What I have tried is as follows:
System #1:
gst-launch filesrc location=ed_hd.avi ! decodedin ! x263enc ! video/x-h264 ! rtph264pay ! udpsink host=127.0.0.1 port=5000
System #2:
gst-launch udpsrc port=5000 ! rtph264depay ! decodebin ! xvimagesink
Objective is : Convert avi file to raw video. Stream it from the second System#2.
Thank You.
Could you try the following
gst-launch filesrc location=ed_hd.avi ! decodebin ! ffenc_mpeg4 ! rtpmp4vpay ! udpsink host=127.0.0.1 port=5000
If that doesn't work then proceed:
Did you try the following? You need to replace his audio bins with video bins
http://delog.wordpress.com/2011/06/01/stream-raw-vorbis-audio-over-udp-or-tcp-with-gstreamer/
Also take a look at
http://pastebin.com/PtD21Bx7
Here replace v4l2src with your video src
Also
https://metalab.at/wiki/Gstreamer_One_Liners
I think your problem is the 127.0.0.1 portion.
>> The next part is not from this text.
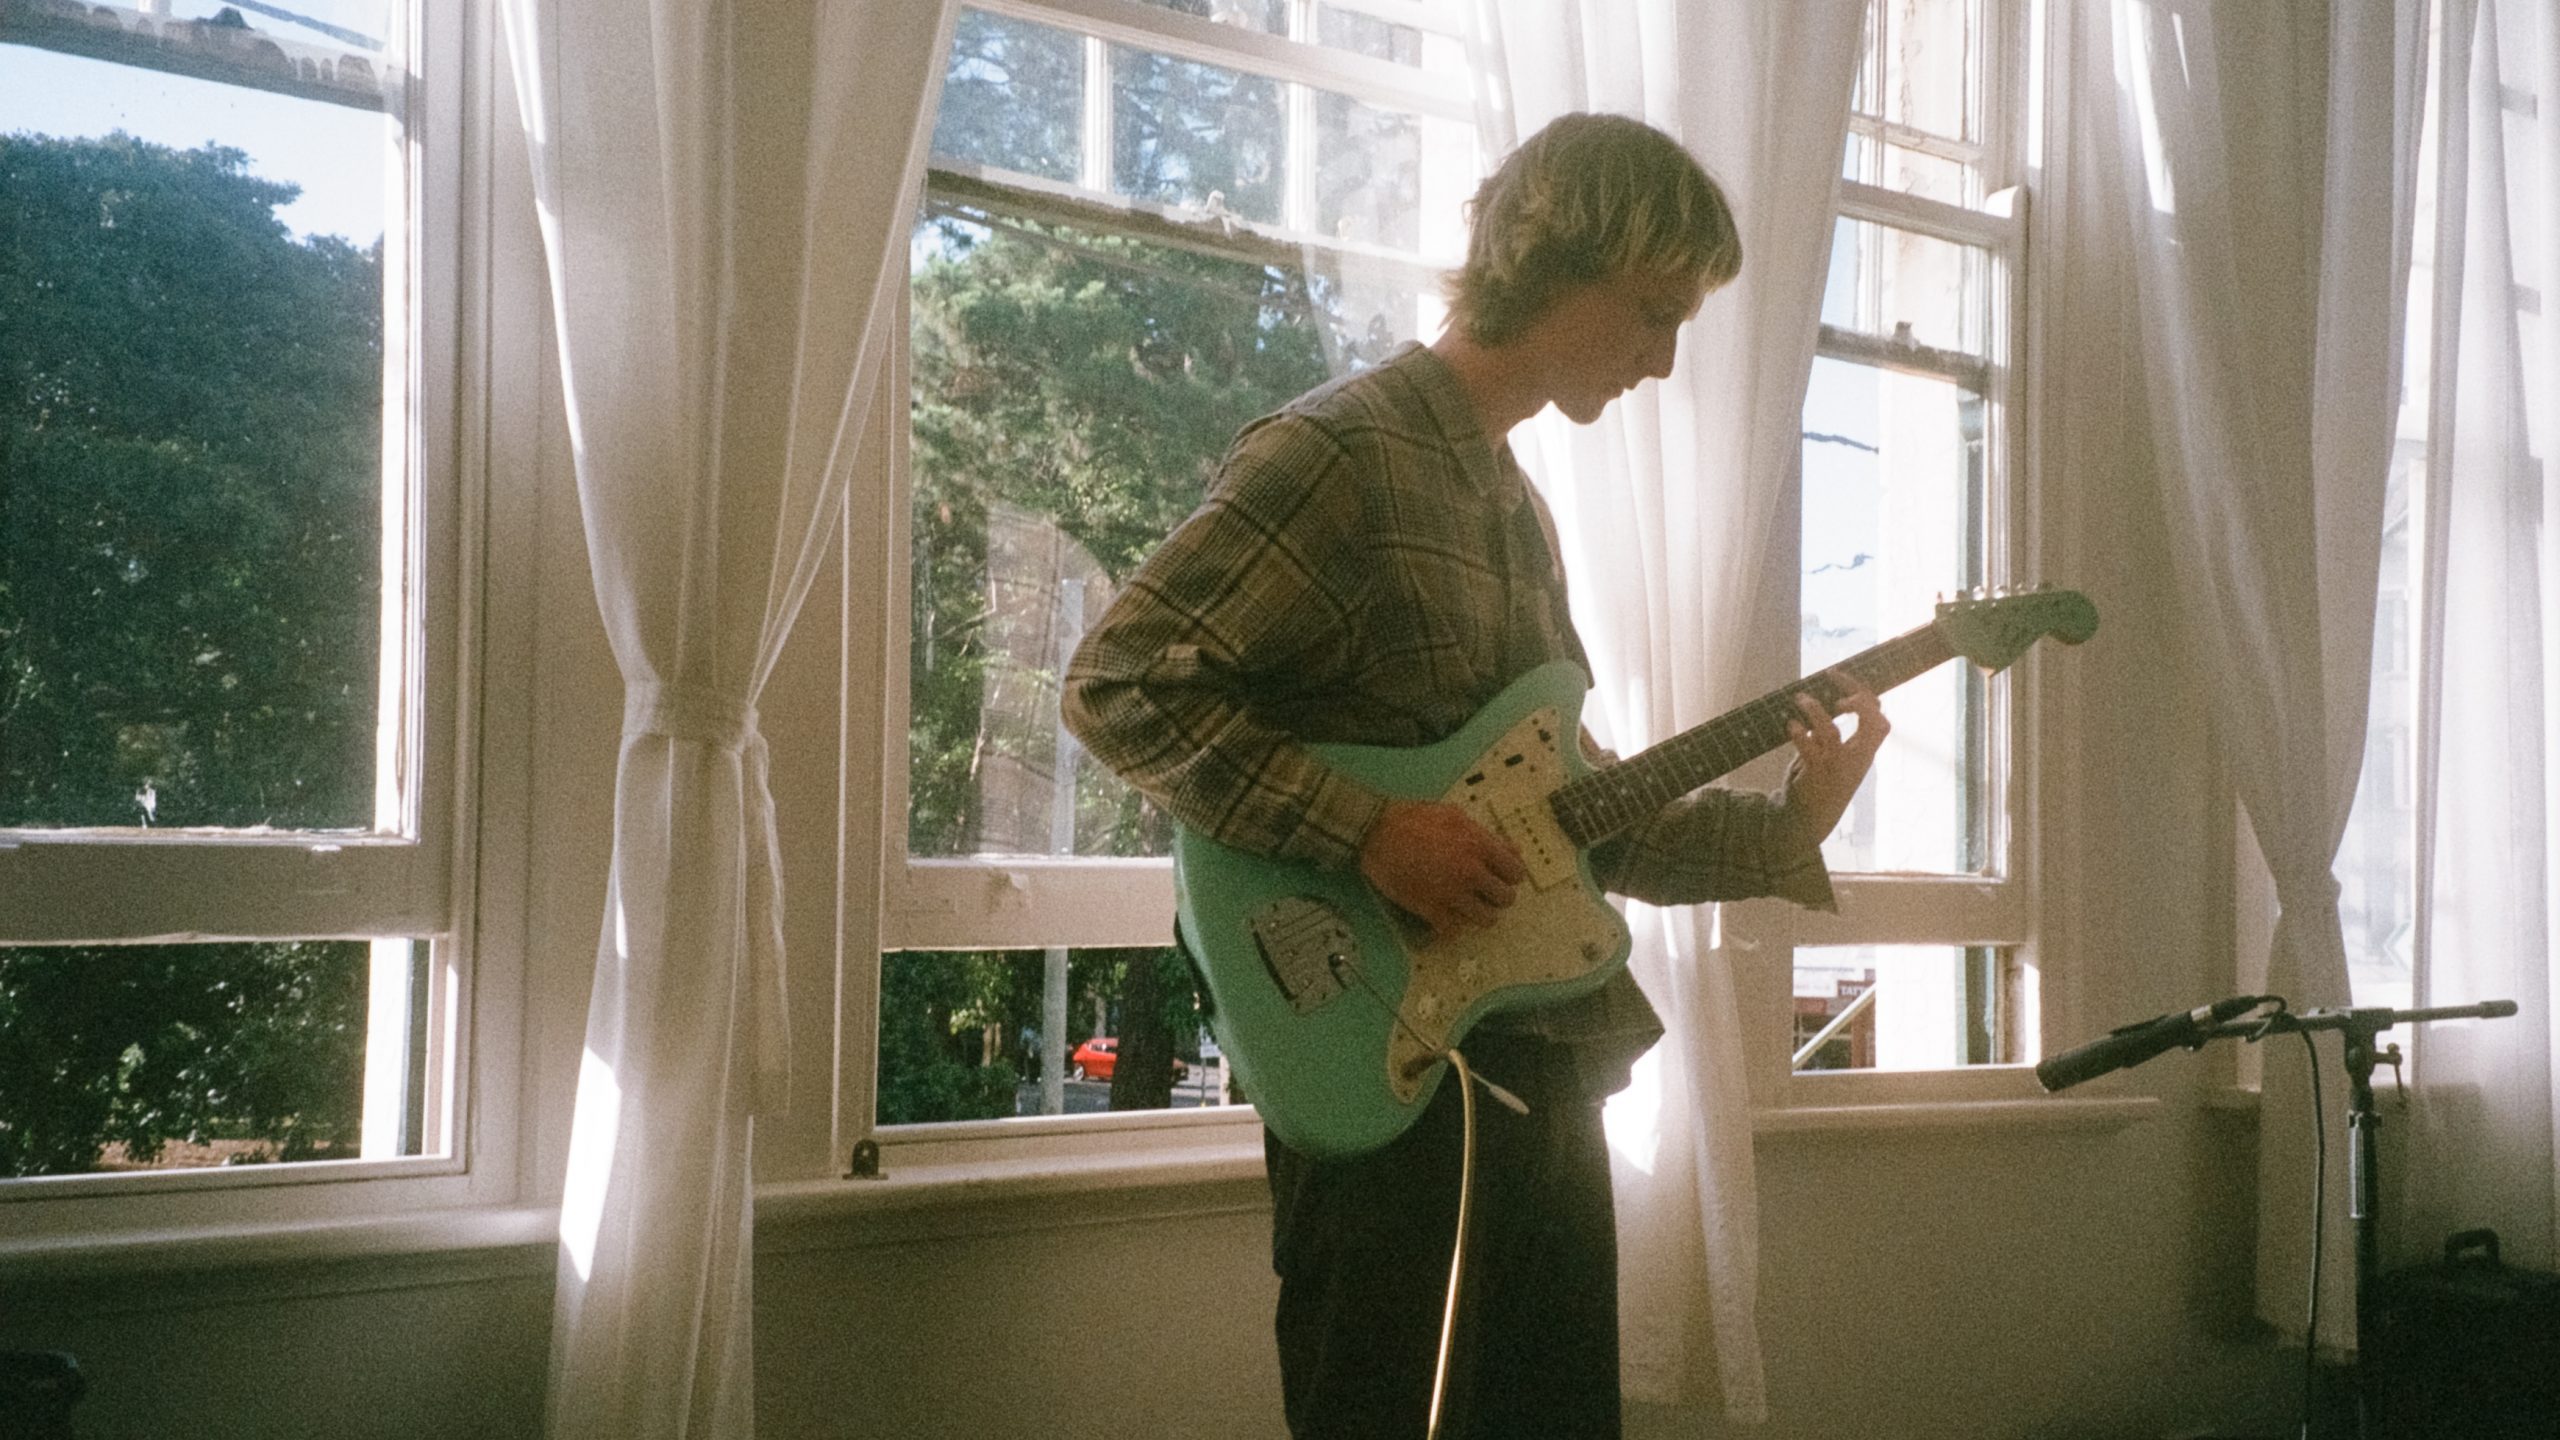 Musician Bluetung stands in a sunlit room, playing guitar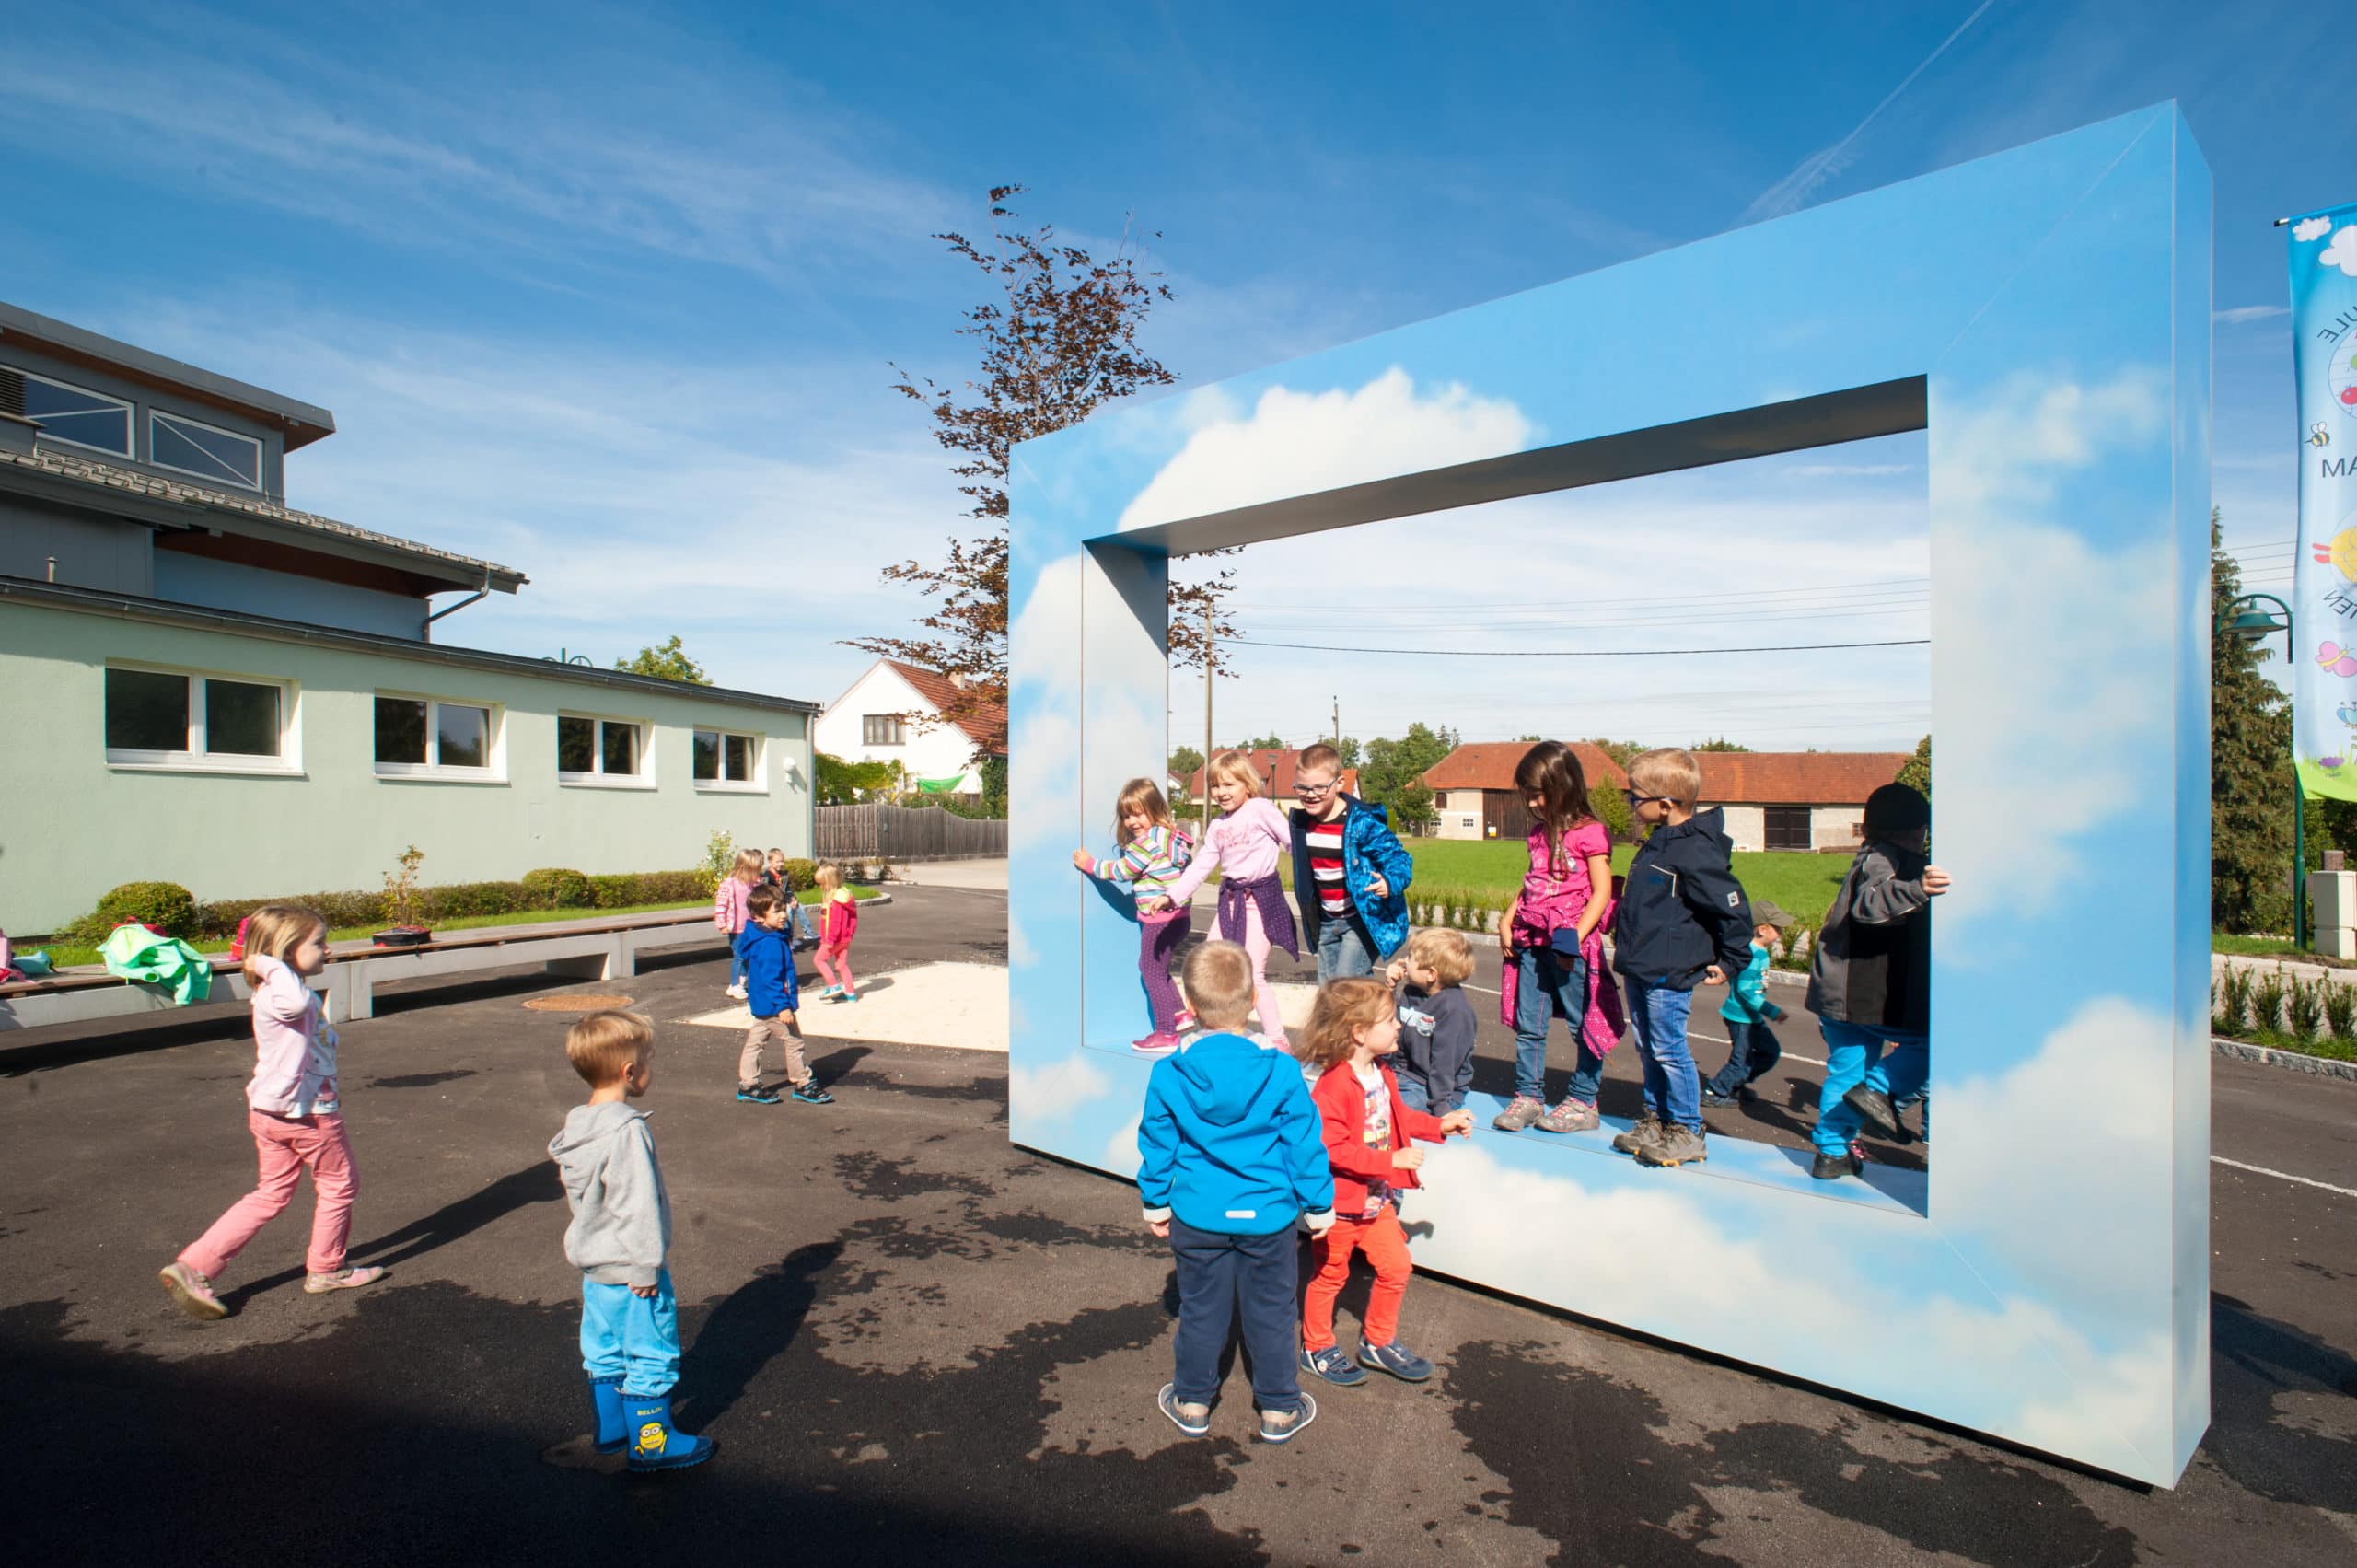 Sky Themed Picture Frame at School with Max Compact Exterior HPL panels

That is a loopback address (check ifconfig lo0 to see the Link encap:Local Loopback for the 127.0.0.1 address). This won't work across two systems, though it might work fine on a single system.
Instead, use the address that is publicly visible for the second machine; check ip addr show or ifconfig output to find the address. Write the actual address for System #2 in the command line on System #1.